__DATASET EXTRACT__
--------------------
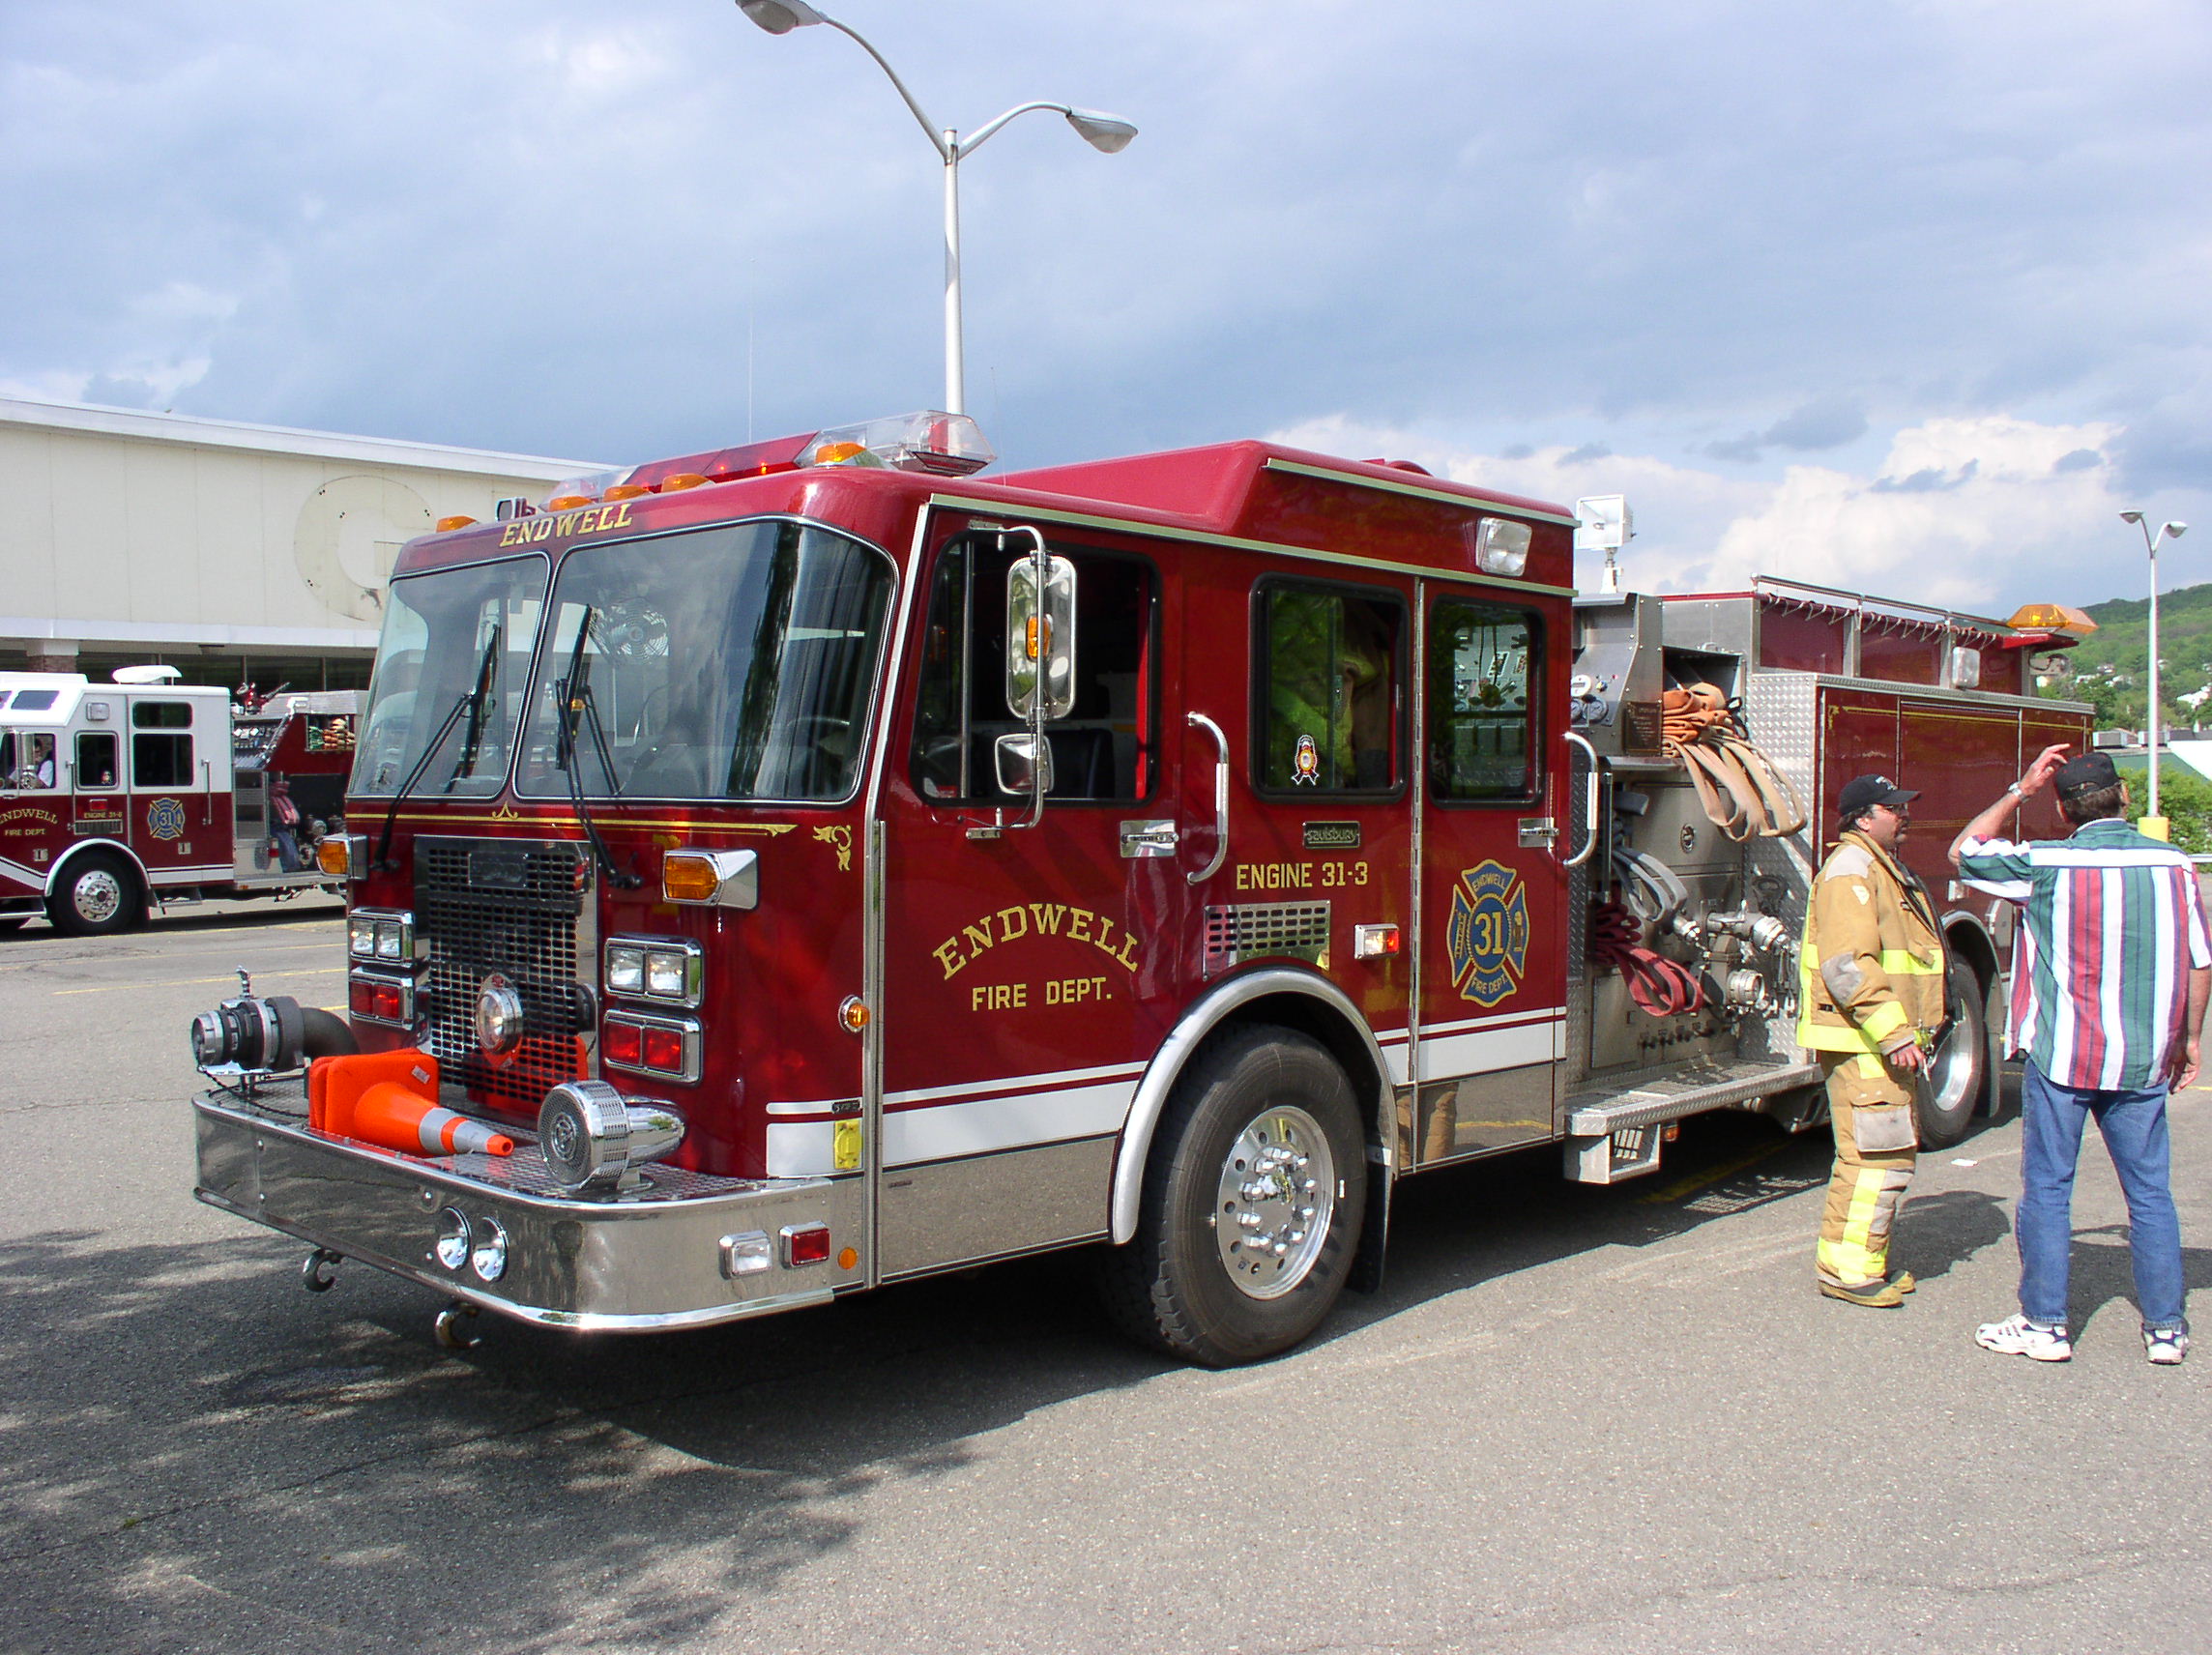 05-30-03  Response - Fire - Car Fire
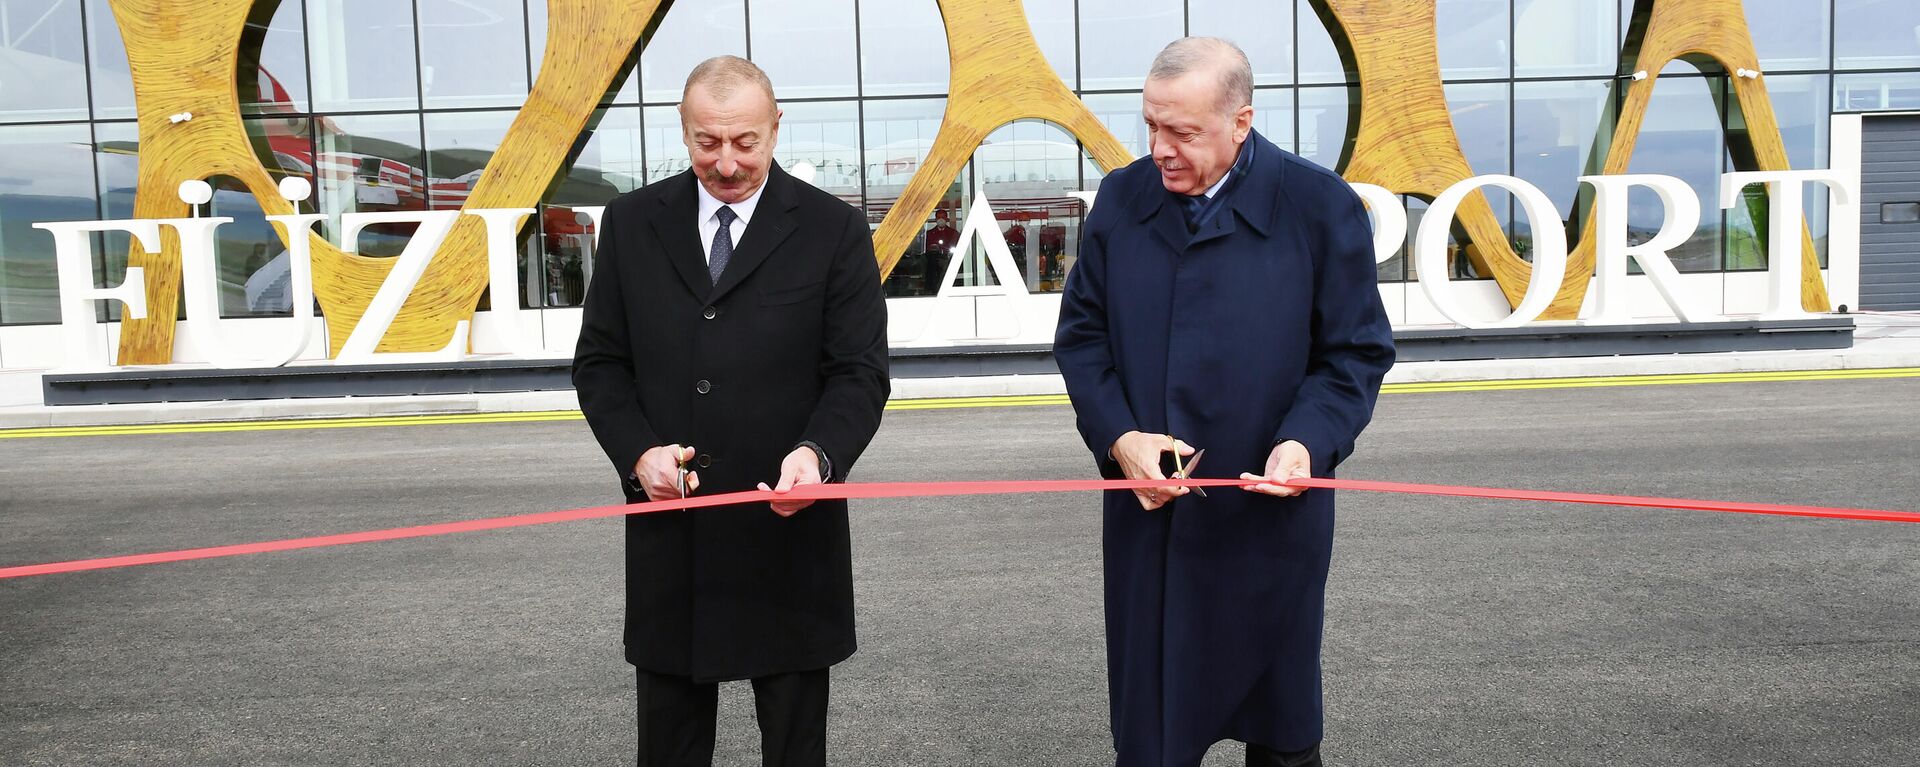 Ильхам Алиев и Реджеп Тайип Эрдоган приняли участие в открытии международного аэропорта в Физули - Sputnik Азербайджан, 1920, 26.10.2021
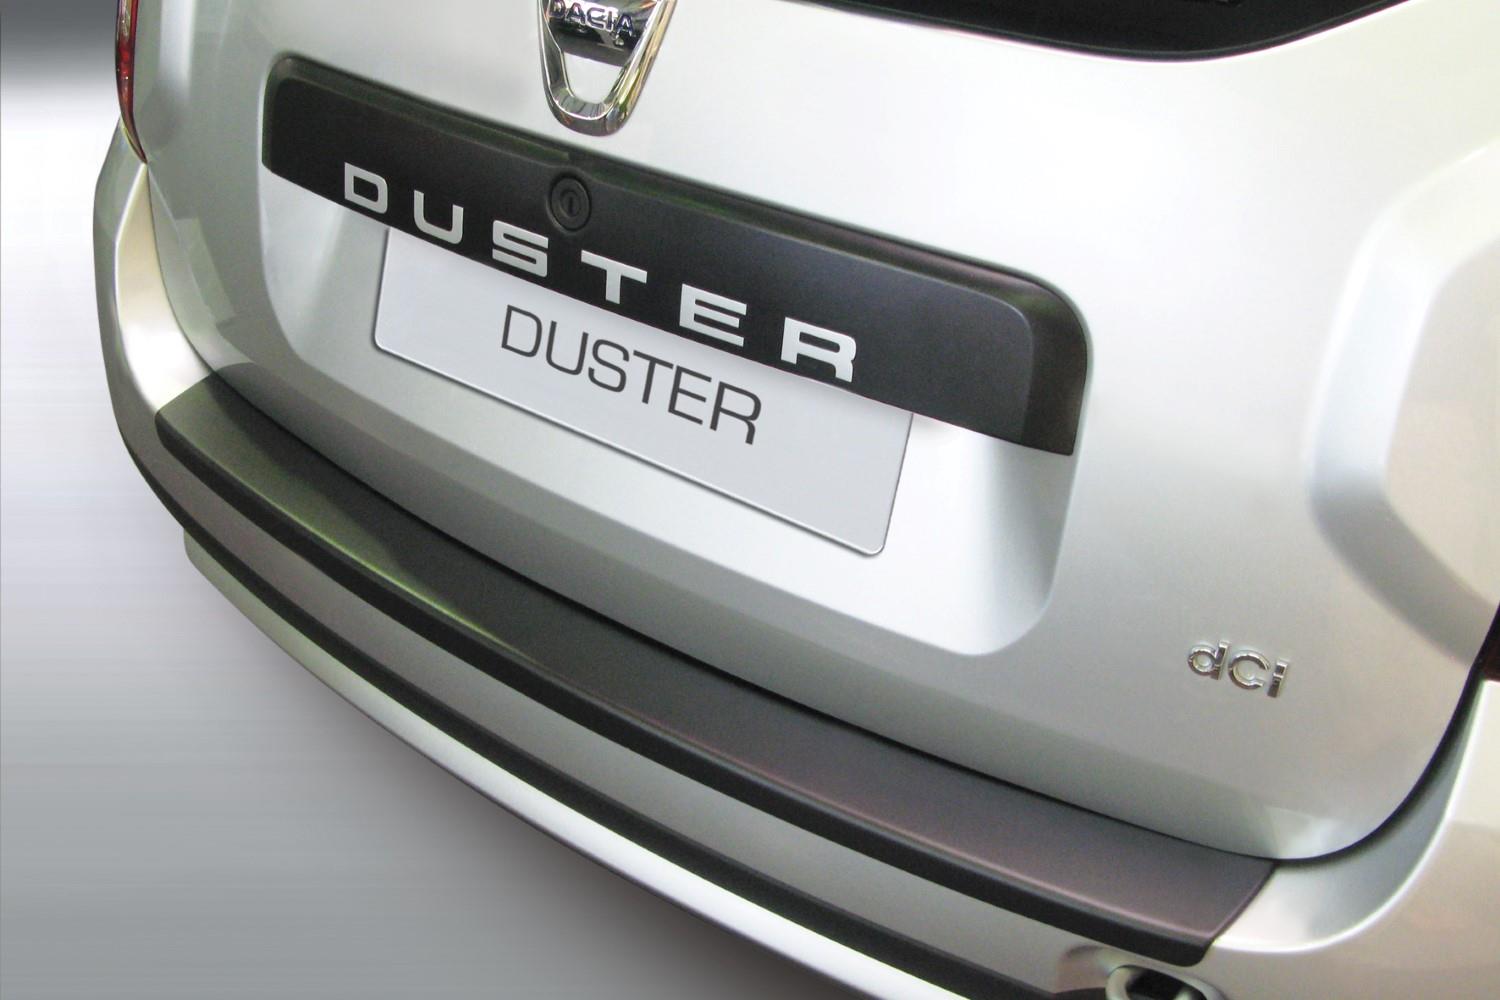 Bache protection coffre Dacia Duster 4 WD dal 2010- sur mesure
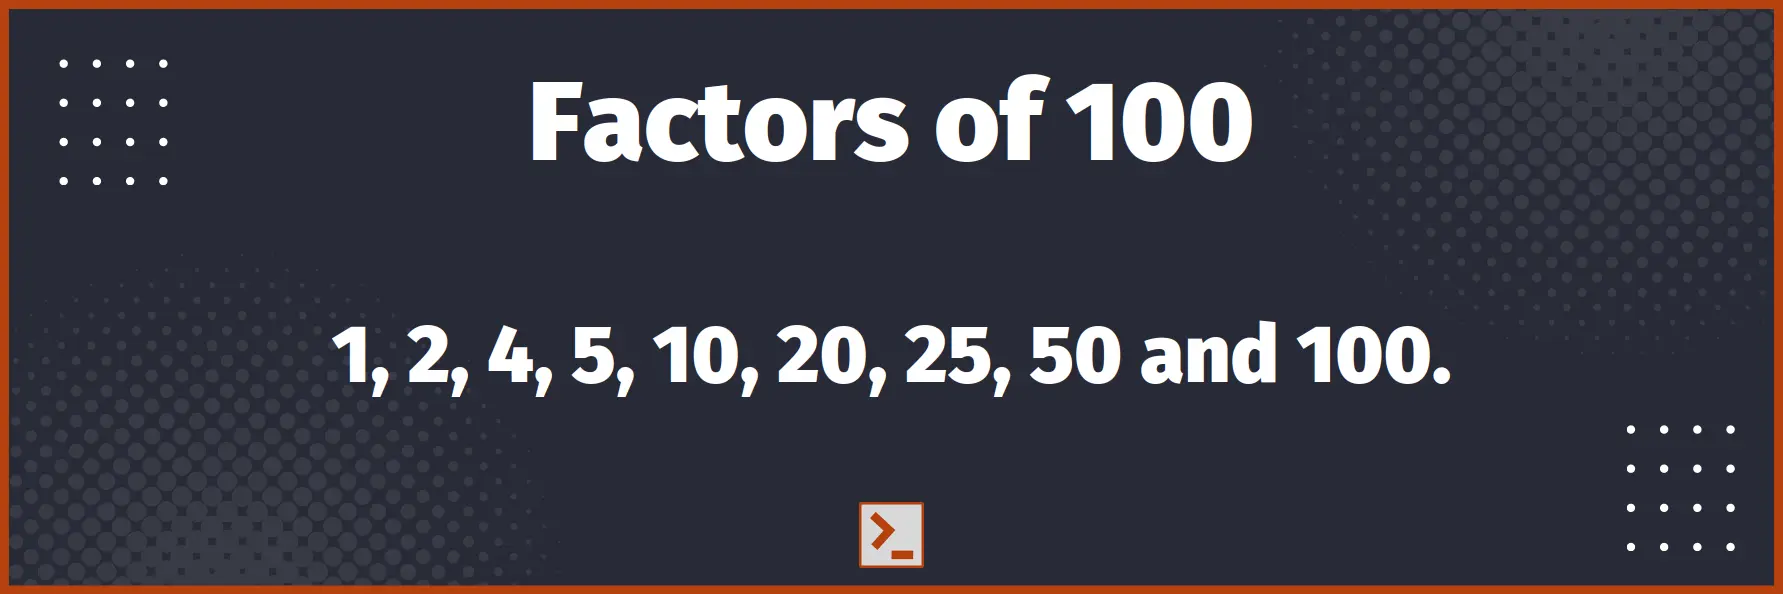 Factors of 100
--------------------
__BRIEF__
With the images omitted, repeat all the data word for word.

__EXERCISE RESPONSE__
 05-30-03  Response - Fire - Car Fire
 Ильхам Алиев и Реджеп Тайип Эрдоган приняли участие в открытии международного аэропорта в Физули - Sputnik Азербайджан, 1920, 26.10.2021
 Bache protection coffre Dacia Duster 4 WD dal 2010- sur mesure
 Factors of 100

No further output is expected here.